What is structurally different about AI:
Three things have changed that make the current wave fundamentally different from its predecessors:
1. AI can act, not just inform. Previous waves offered information and content — things the phone already did better. Agentic AI can execute tasks that require vehicle integration: completing transactions while driving, managing charging schedules based on energy prices and route, adjusting the vehicle's behaviour to the driver's learned preferences. As Stas Matviyenko (SoundHound) argued: "Voice assistants don't make money. Commerce agents do." The monetisation is in the transaction, not the subscription.
2. AI creates data that has value beyond the vehicle. Driving behaviour data, environmental sensing, maintenance prediction — these data streams are valuable to insurers, fleet operators, city planners, and energy providers. The monetisation model shifts from "consumer pays for a feature" to "data creates value in adjacent ecosystems." This was not possible with services or apps.

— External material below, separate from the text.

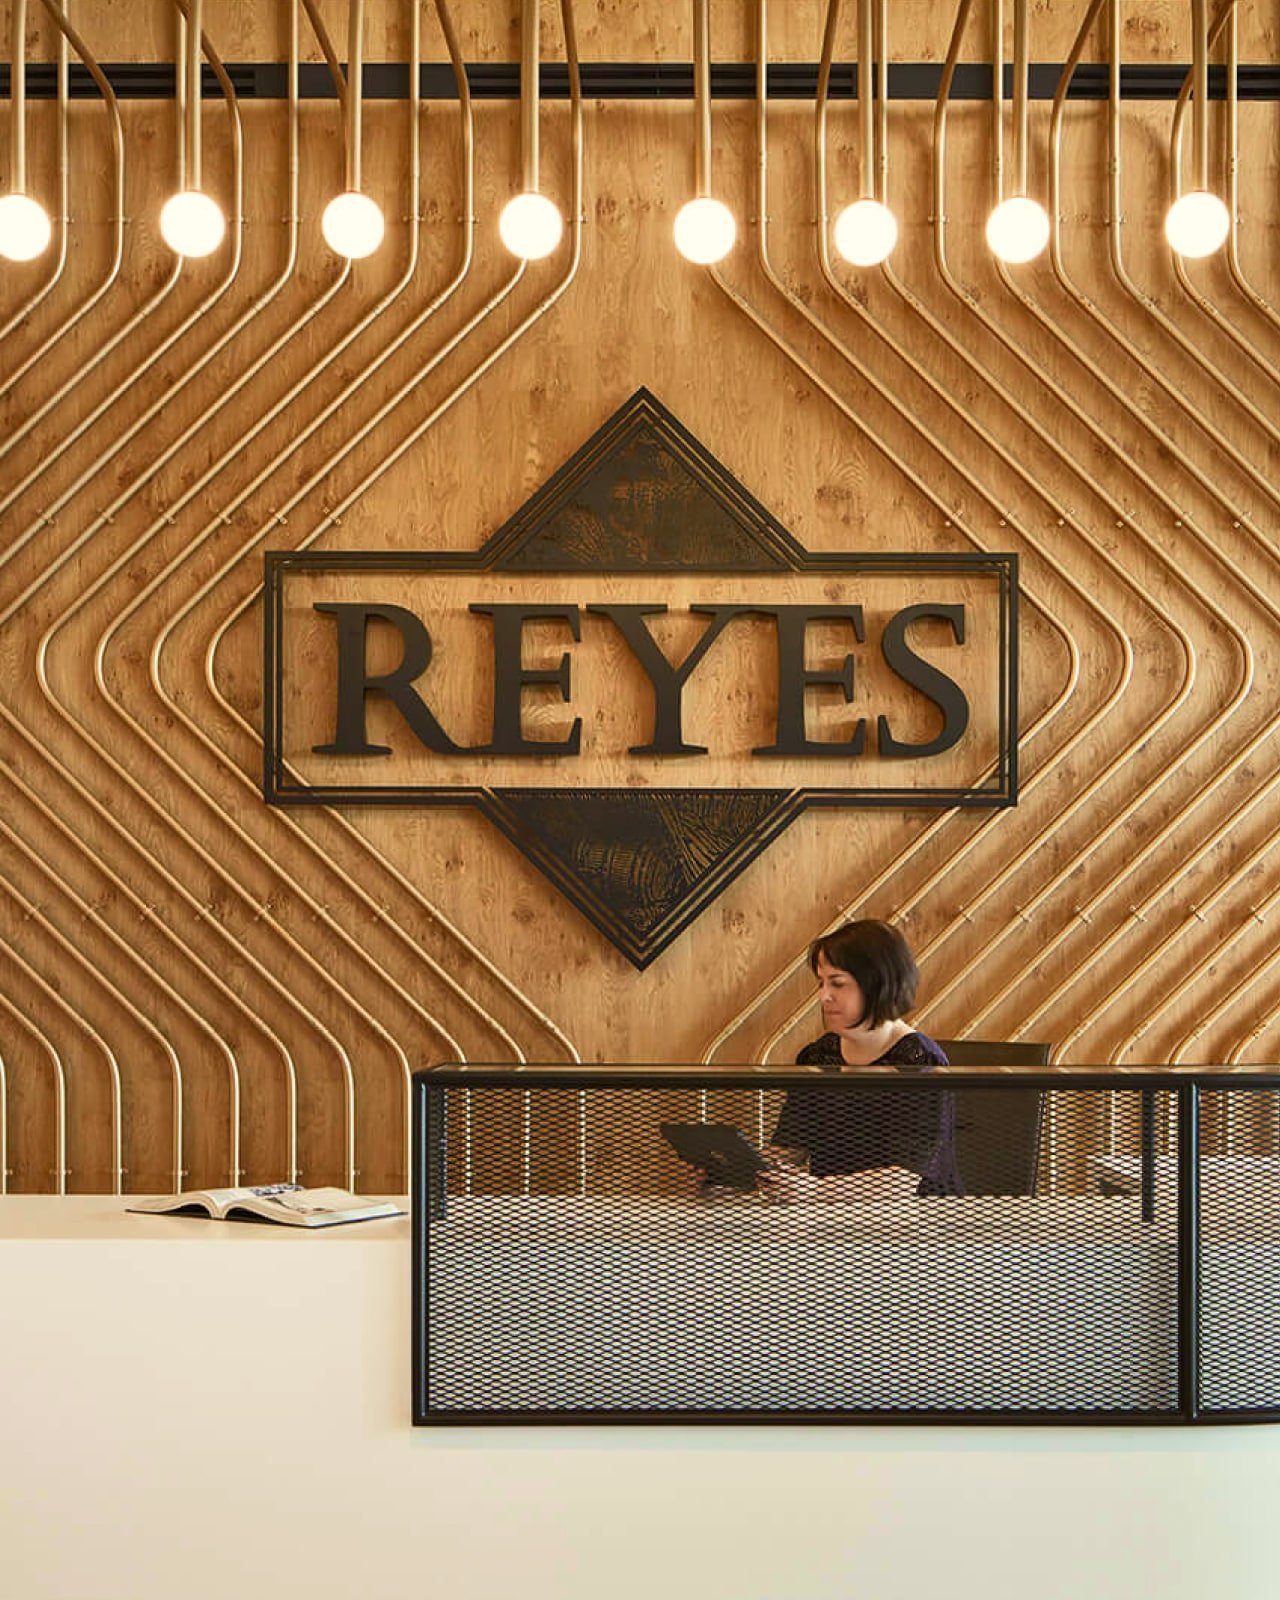 A wooden sign that shows the Reyes Beverage Group logo on a ornately designed light-colored wood wall with a woman sitting at a desk in front of it

3. The cost structure demands discipline that previous waves lacked. Paradoxically, the fact that AI is expensive (perpetual OpEx, usage-based cloud costs) may be what forces the industry to finally build the measurement and accountability infrastructure that was missing in previous waves. You cannot afford to run Zombie features when every interaction costs money. This economic pressure is a forcing function for the kind of rigorous feature P&L management we advocated in the webinar.

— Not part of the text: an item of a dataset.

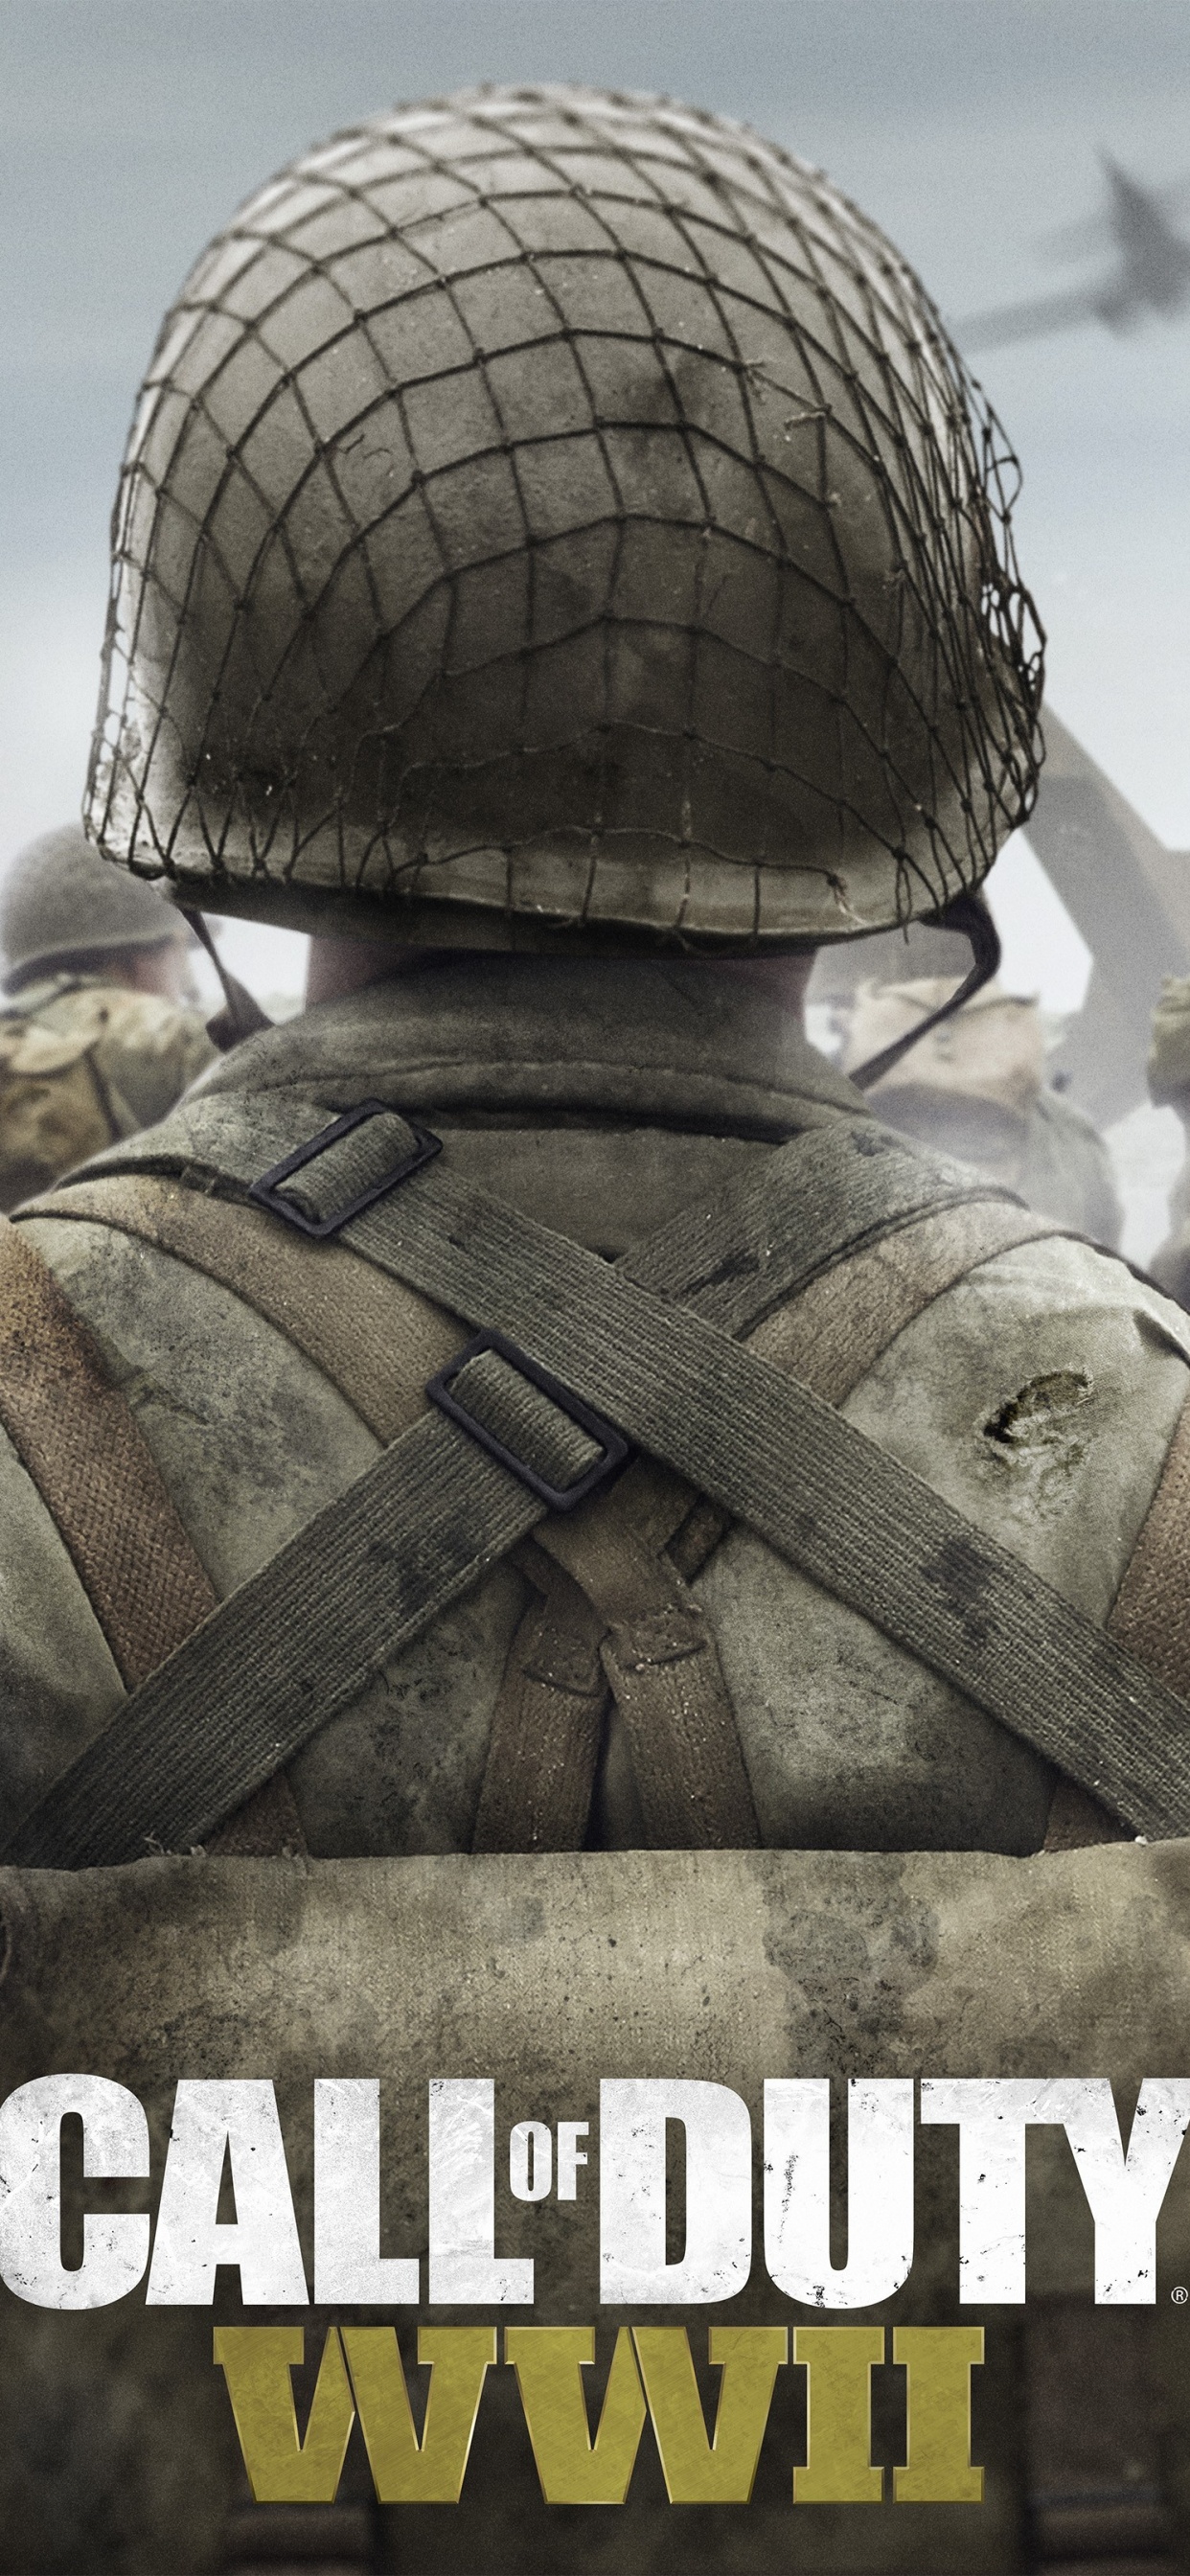 Call of Duty Ww2, Call of Duty WWII, Activision, Sledgehammer Games, Soldier. Wallpaper in 1242x2688 Resolution

That said, SBD's honest assessment is that success is not guaranteed. The OEMs who will succeed are the ones who learn from the failures of the service and app eras: don't try to replicate the phone, don't assume consumers will pay subscriptions for convenience, and build measurement into the product from day one. The framework we presented — Feature Lifecycle Margin, the Hero/Zombie classification, the Triangulation Model — exists precisely because we share your concern that without disciplined execution, this wave could fail too.